6.13.2006

tuesday? again?

okay fine, a quick weekend (+ monday) recap:

at the world cup
argentina won, cecilia very happy
- not that anybody was surprised. even though they were only 9th in the world rankings going into the tournament, they're highly favored to give brazil a run for their money. this is good for me, mostly because cecilia is crazy about argentina. and you know what they say about crazy superfan girlfriends when their team wins? well, it's all true. when she found out that the final is going to be held on argentina's version of independence day (july 9th), she predicted that the entire country would simply implode in a burst of nationalism like nothing the world had ever seen.

usa embarrassed by czech republic, dan drinks heavily
- on the other hand, it didn't take long for most people to realize that the world rankings have no bearing whatsoever on the cup. we were ranked 5th out of the world going into monday's travesty. what kind of experts would rank us ahead of argentina, you ask? mythical ones, that's who. after some investigative reporting (mostly crying into my coffee and grumbling hungover anti-czech epithets) i've uncovered that the world rankings were in fact drafted by tiny, glittering pixies with mystical ink that raises the hopes of all who read it.

in other news
dan 2, dc parking laws 0!
- in a fit of pique, the dc dmv decided not to let cecilia renew my visitor's permit. instead, they used their bureaucratic superpowers to force me to undertake a dangerous quest: the search for the unzoned block! you see, dc's streets are zoned resident only, block by block. so in order to park legally, one would have to register oneself and one's car in dc and obtain a residential permit. now, dc residents are allowed to apply for visitor's passes, but then the guy was mean to cecilia and told her she was in violation of dc code (if they only knew). so, long story short, she told me to check the street that goes through the park, arguing that, since there are no residents on that block, then nobody could petition to have it zoned residents-only. lo and behold, she's a genius, and bureaucracy is thwarted again!

take pride in your nuts
- went to the dc pride week street festival on sunday after watching mexico savage iran and saying something snarky about the west winning out after all (conveniently ignoring mexico's impending flirtation with oh-so-trendy latin american populism. conformists). anyway, never having been to a pride event before, i was somewhat surprised to find that it resembles a cross between a crappy job fair and college orientation, but with fewer free keychains and more svelte young men looking for donations to human rights campaign. needless to say, the high point (like at most events ending in 'fair') was the cinnamon roasted nuts!

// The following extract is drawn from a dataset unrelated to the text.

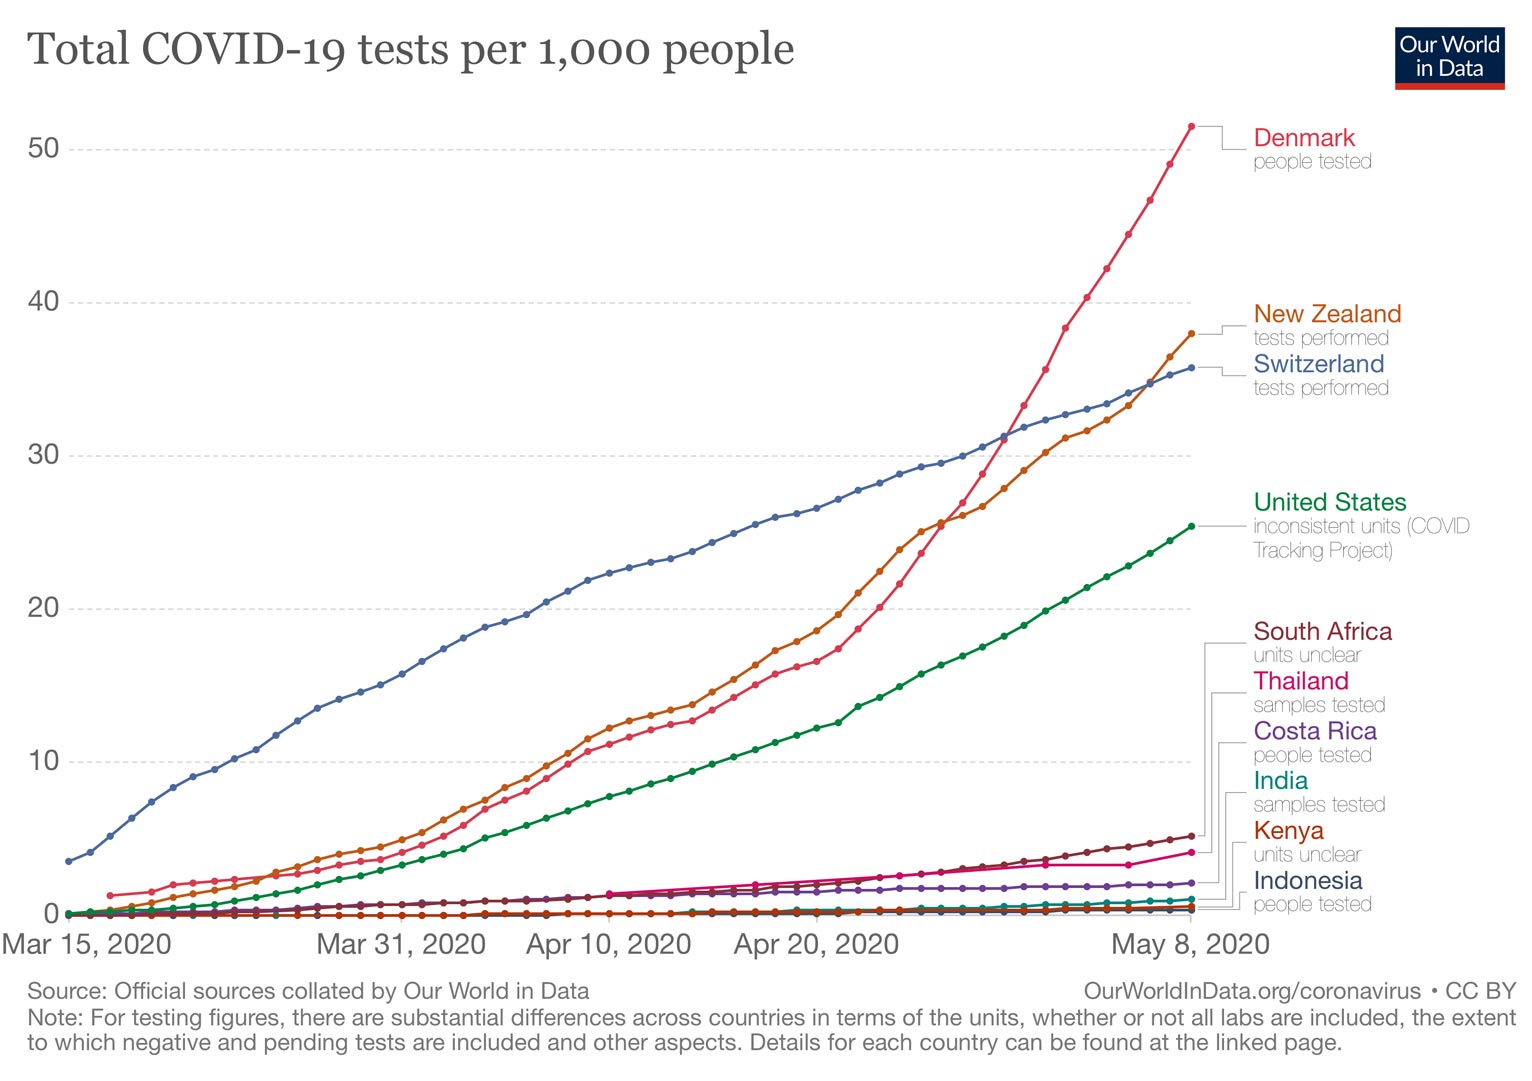 Total COVID-19 tests per 1,000 people; source: Our World in Data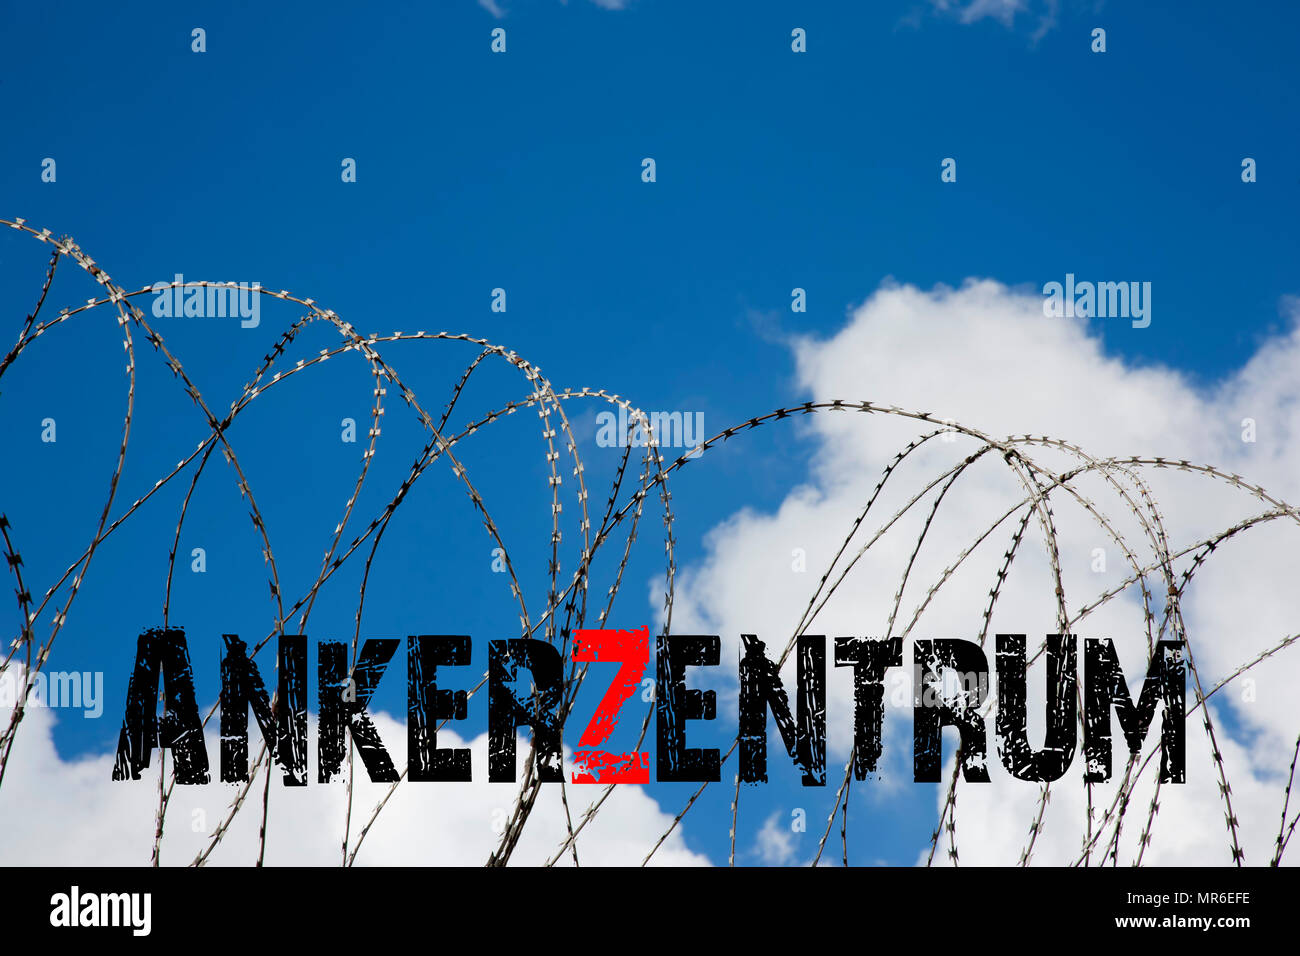 Digital composing, barbed wire with the lettering Ankerzentrum in front of cloudy blue sky Stock Photo

and i thought it was just american politicians who were monosyllabic
- on monday afternoon, i left work early to go to a resume-writing workshop, even though i was told that my resume was "awesome" when i got down to this malarial swamp of a city. i guess the greatness of my resume is moot anyway, because i went to a bar to watch the usa game instead. two beers and a large cup of dejection later, i made my way to the department of the interior (thanks to my infallible department-of-the-interior sense!) to listen to his excellency, ambassador sen of india give a little speech. a very little speech! this guy made the president look gregarious, loquacious even. seriously, i know you're a bigshot ambassador, representing over a billion people, but would it kill you to prepare a few index cards first? apparently it would. good luck with the nuclear non-proliferation.